Data were independently extracted by two reviewers (Y‐HL and K‐SC) using a standardised form. The extracted information included publication type and year, design, demographics of participants, intervention and control, and type of outcomes measured. The cognitive levels of learning outcomes measured were categorised according to the Kirkpatrick model43 and Bloom's taxonomy.45 Given that multiple effect measures are usually reported in educational research,46, 47, 48, 49 several methods have been proposed to manage multiple effect measures in meta‐analysis.50 In this work, we pooled data separately based on the type of effect measure. When several similar effect measures were reported in the same study, we selected the one that best represented the particular type of outcome required for the meta‐analysis.50 Data pooling was undertaken by combining the standardised mean difference (SMD) using a random‐effects model.51 If a study reported several datasets for the same type of effect measure, the averaged mean and pooled variance was used for data pooling.52 For studies that did not report standard deviations (SDs) for their estimates, or had other missing data, we contacted the author by e‐mail first.

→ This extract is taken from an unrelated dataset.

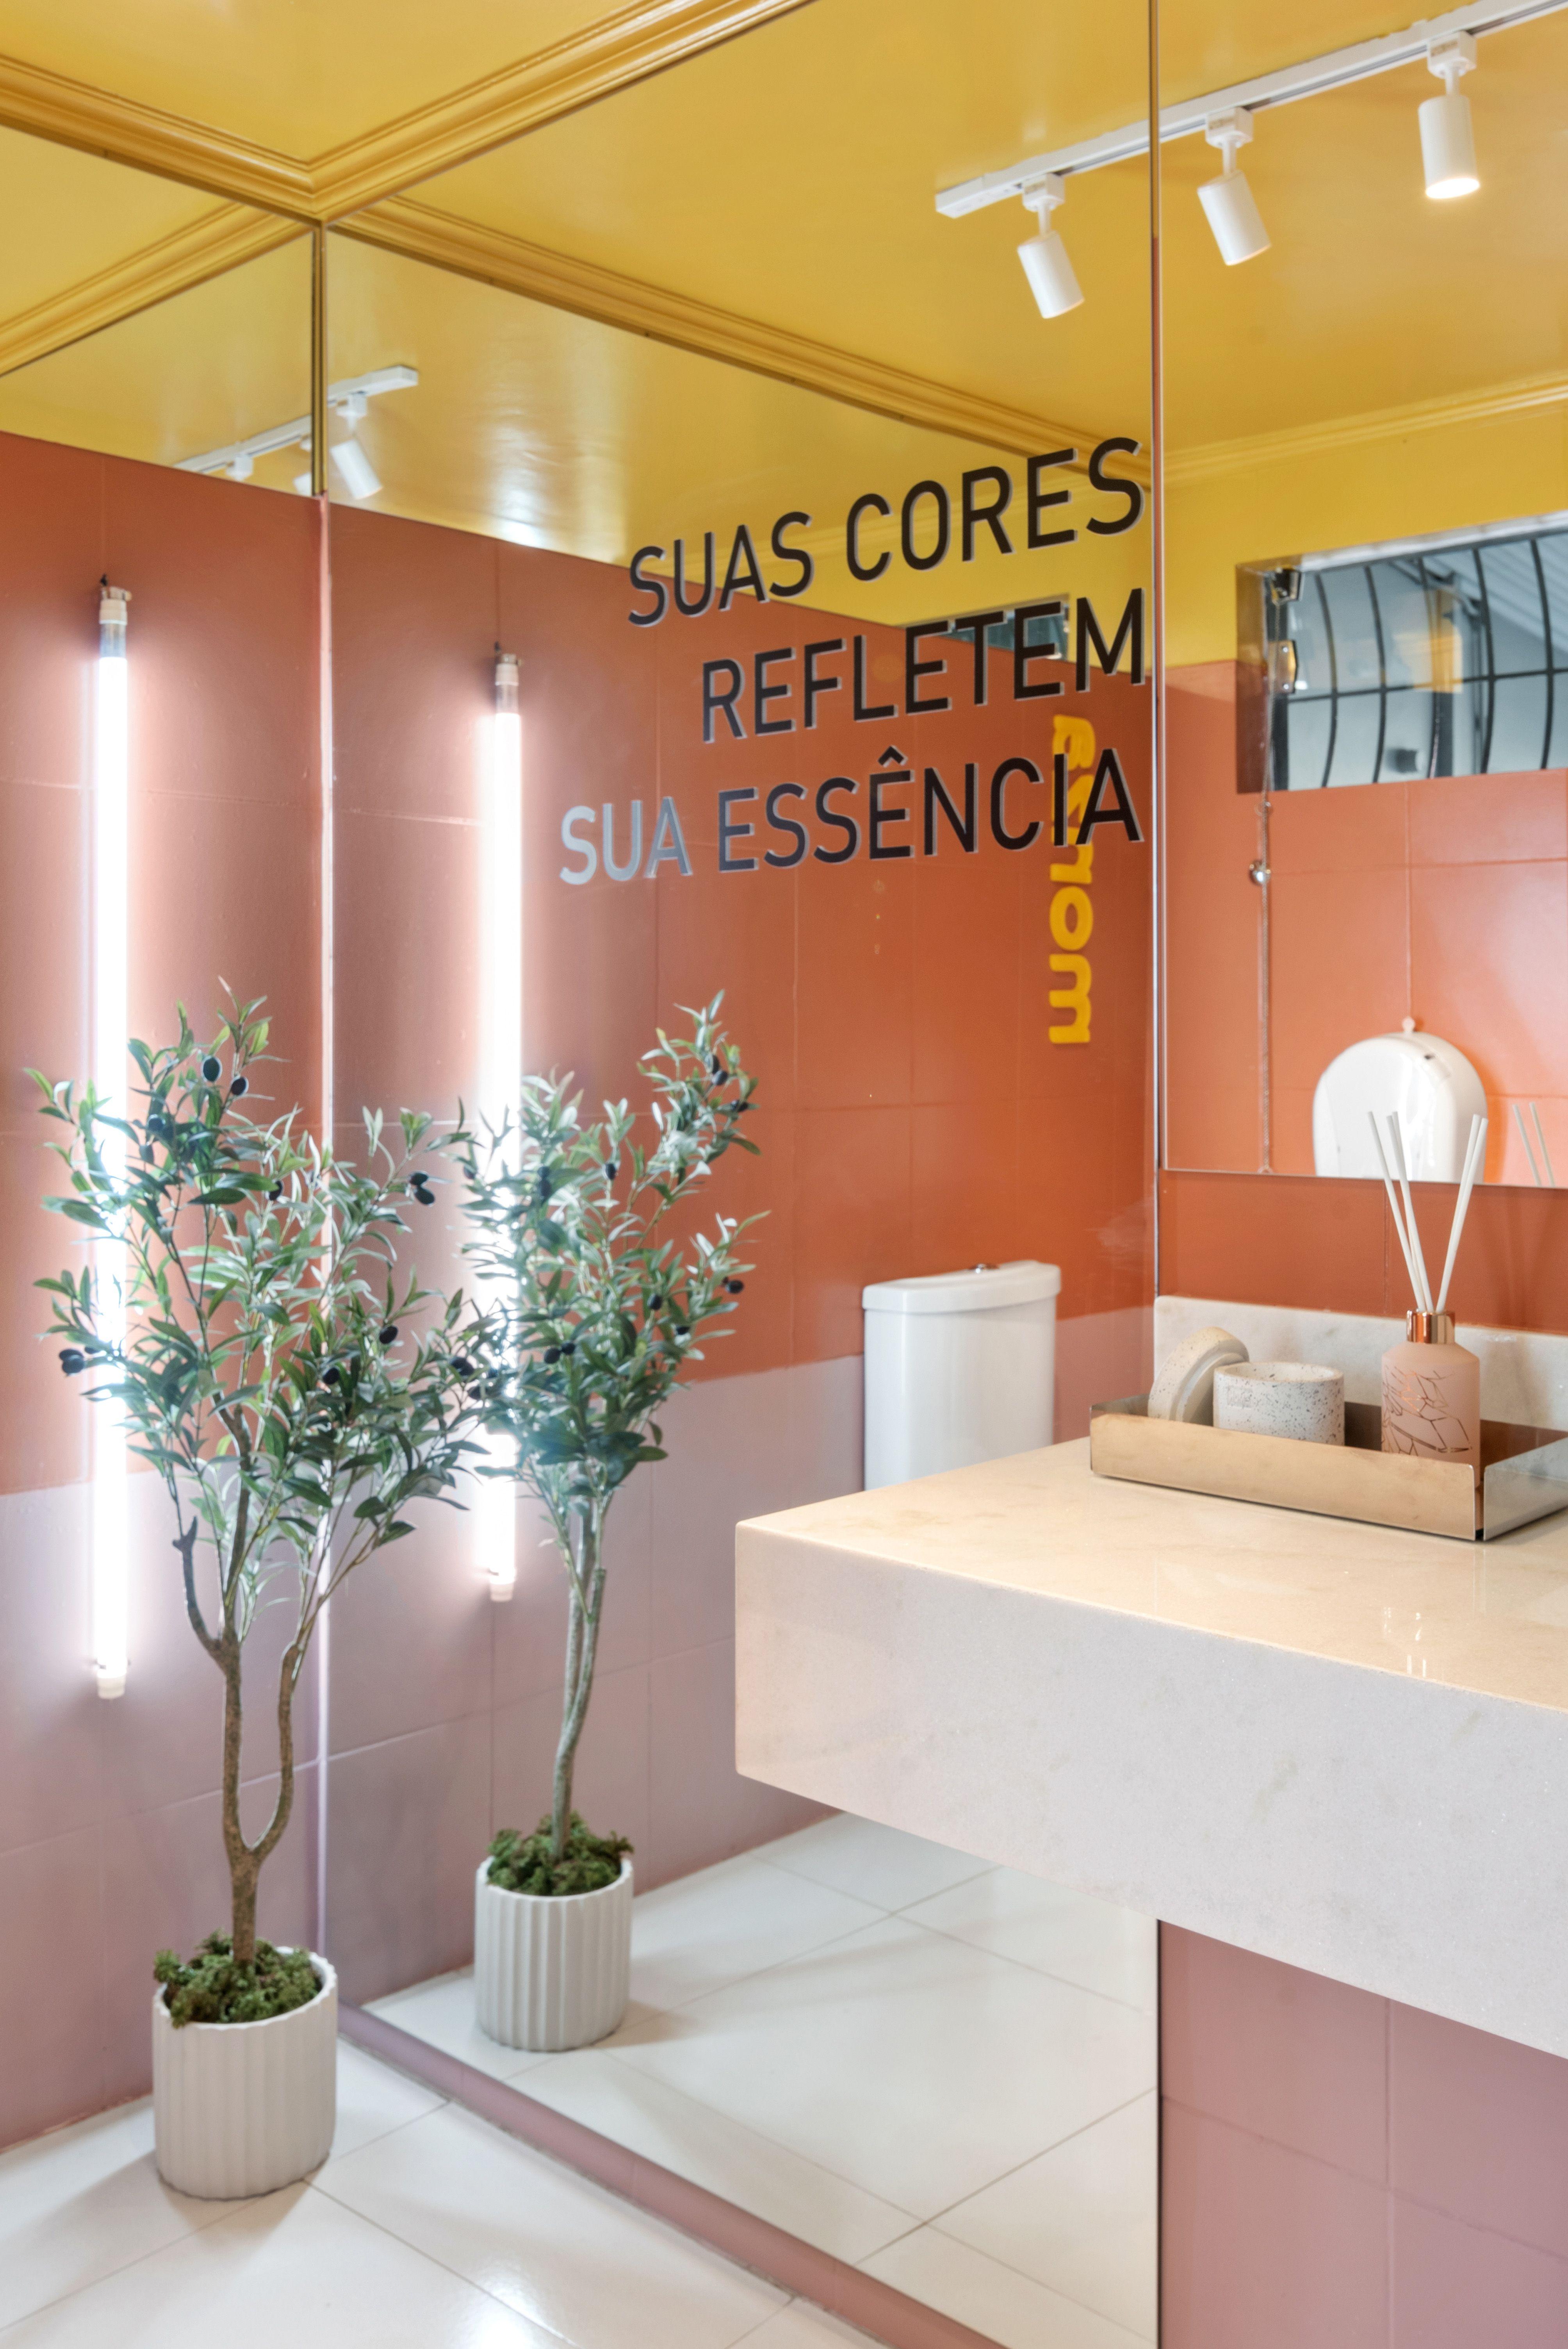 """Foto de banheiro na loja Monza Tintas com um grande espelho em foco com as escritas """"Suas cores refletem sua essência"""". Do lado direito inferior, um vaso com uma árvore média. Do lado direito, uma pia de banheiro com difusor de ambiente."""

If no response from authors was forthcoming, we synthesised the SD from the CIs or exact p‐values, interquartile ranges and minimum–maximum by the principle of estimation method as previously reported.53, 54, 55 We eliminated studies from data pooling if the required information for meta‐analysis (such as participant number, mean and SD) could not be obtained. Heterogeneity of effect sizes across studies was evaluated using the Q‐statistic and quantified by I‐squared values.56 Subgroup analyses were performed to explore the impacts of different contexts on the outcome measures. Cumulative analyses and meta‐regression were undertaken to examine the relationship between publication year or sample size and effect size. Publication bias was evaluated through visual inspection of funnel plots and Egger's regression test. Meta‐analyses were carried out using stata 11.2 software (StataCorp LP, College Station, TX, USA).

Results

Study search and selection

The process is summarised in a PRISMA42 flow diagram (Fig. 1). The electronic search resulted in 1682 potentially relevant citations. An additional 24 studies were added through another source. These 1706 retrieved records were pooled into a single database in EndNote (Clarivate Analytics, Philadelphia, PA, USA). After removing 428 duplicates, 1278 citations were subject to title and abstract screening and 114 studies were subject to a full‐text review. Finally, 46 studies with a total of 9026 participants were included. The characteristics of these studies are summarised in Table S1.

Figure 1

PRISMA flow chart of the study selection process

Scope of the included studies

Of the 46 included studies, 36 were journal articles, nine were conference abstracts and one was a thesis (Table S1). In terms of design, they included four RCTs, 19 quasi‐experimental studies and 23 cohort studies. Thirty‐seven studies originated from the USA and nine from other countries. There were 32 health science and 14 non‐health science education studies. Among the 32 health science education studies, 14 involved medical education, nine pharmacy education, three nursing education and six were from other health science education disciplines.

Outcomes measured

Multiple effect measures were reported. We classified the effect measures into three categories: examination scores (n = 41); course grades (n = 9); and objective structured clinical examinations (OSCEs) (n = 2). The examination scores were the results of MCQ tests (n = 20) and written examinations or essays (n = 3), a combination of different formats (n = 5) or were unclear (n = 13). Of the 41 studies reporting examination scores, seven were before–after studies and provided pre–post score changes. All examination score outcomes evaluated knowledge change according to Kirkpatrick's level 2 measurement (learning).43 The level of cognitive learning evaluated in these tests comprised only lower cognitive levels in one study, ranging from low to high (levels 1–6 in Bloom's taxonomy45) in 16 studies and were not described in 24 studies. Multiple assessments, such as homework assessments, attendance rates, quizzes, presentations, and mid‐term and final examination scores, were combined for the calculation of a grade score. The formula for the course grade calculation differed between studies.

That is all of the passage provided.